More trouble: bindings
Remember how I said bindings worked fine in the simulator? Well, the simulator was running on a 64-bit CPU. Turns out sn-bindgen doesn't support that yet, and it sure as hell doesn't support generating bindings for a platform other than the build platform.
As a workaround, I fixed the relevant places myself (with a bit of help from a fork of sn-bindgen hardcoded to 32 bits, although that wasn't enough). Still, the API seem to crash the game in some ways, so I'm only using some numeric/enum types, and the rest is getting proxied via C.
Back to the hacks
Here's the nativeConfig
for building the device-compatible static library:
nativeConfig ~= (
_.withBuildTarget(BuildTarget.libraryStatic)
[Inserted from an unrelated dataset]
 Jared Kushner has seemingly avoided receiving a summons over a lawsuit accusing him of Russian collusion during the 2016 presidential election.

.withTargetTriple("arm-none-eabi")
.withGC(GC.none)
.withCompileOptions(
Seq(
"-g3",
"-mthumb",
"-mcpu=cortex-m7",
"-mfloat-abi=hard",
"-mfpu=fpv5-sp-d16",
"-D__FPU_USED=1",
"-O2",
"-falign-functions=16",
"-fomit-frame-pointer",
"-gdwarf-2",
"-fverbose-asm",
"-Wdouble-promotion",
"-fno-common",
"-ffunction-sections",
"-fdata-sections",
"-DTARGET_PLAYDATE=1",
"-DTARGET_EXTENSION=1",
"-DDEBUG_PRINT=1",
"-D_LIBCPP_HAS_THREAD_API_PTHREAD=1",
"-MD",
"-MP",
s"-I${playdateSdk / "C_API"}",
"-march=armv7-m",
"-m32",
// "-v",
)
)
.withMultithreadingSupport(false)
)
Again, some of this might be redundant, but it works - with no GC.
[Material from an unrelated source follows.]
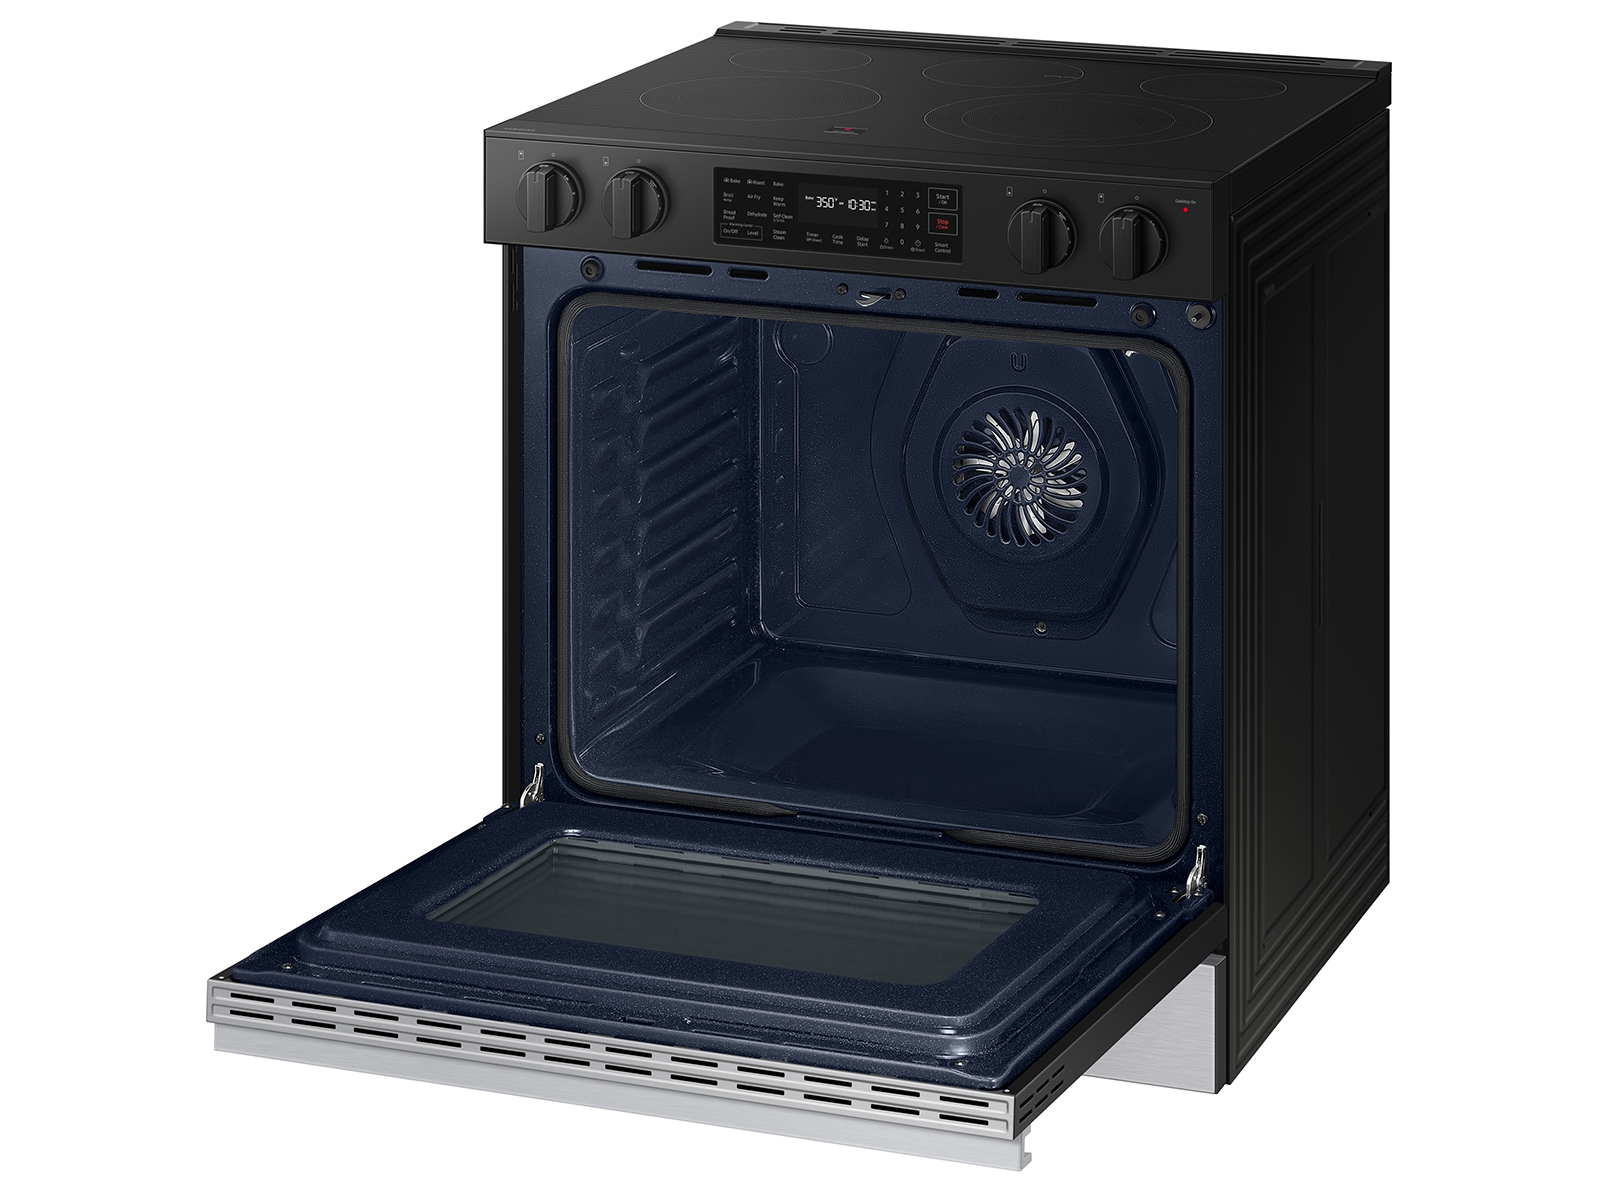 Thumbnail image of Oven Range with Open Door Showing Convection Fan

Fast forward: current state
In mid-January, I was able to run a game with the logic written fully in Scala - with the C proxies I mentioned above, for the Playdate API calls. You can see a demo video here: Jakub Kozłowski 🐀: "It runs! Scala Native on the Playdate! #playdated…" - Mastodon Party
After that, I was trying to get GC to work. Immix had some trouble, and I considered switching to Boehm (I was told by SN devs that it's simpler), but I didn't have the time to invest into building it for the target platform - and as a statically linked library, no less.
Next steps
I want to go back to some basics: instead of implementing the whole game in Scala, I'll actually minimize that part, and focus on getting Immix to not crash the first time it tries to garbage collect.
In the future, I'd also love to have exception support - but this is not something I urgently need.
I'm also giving a talk about this whole process, as well as the functional game engine, on Scalar (Warsaw, Poland, March 21-22 2024).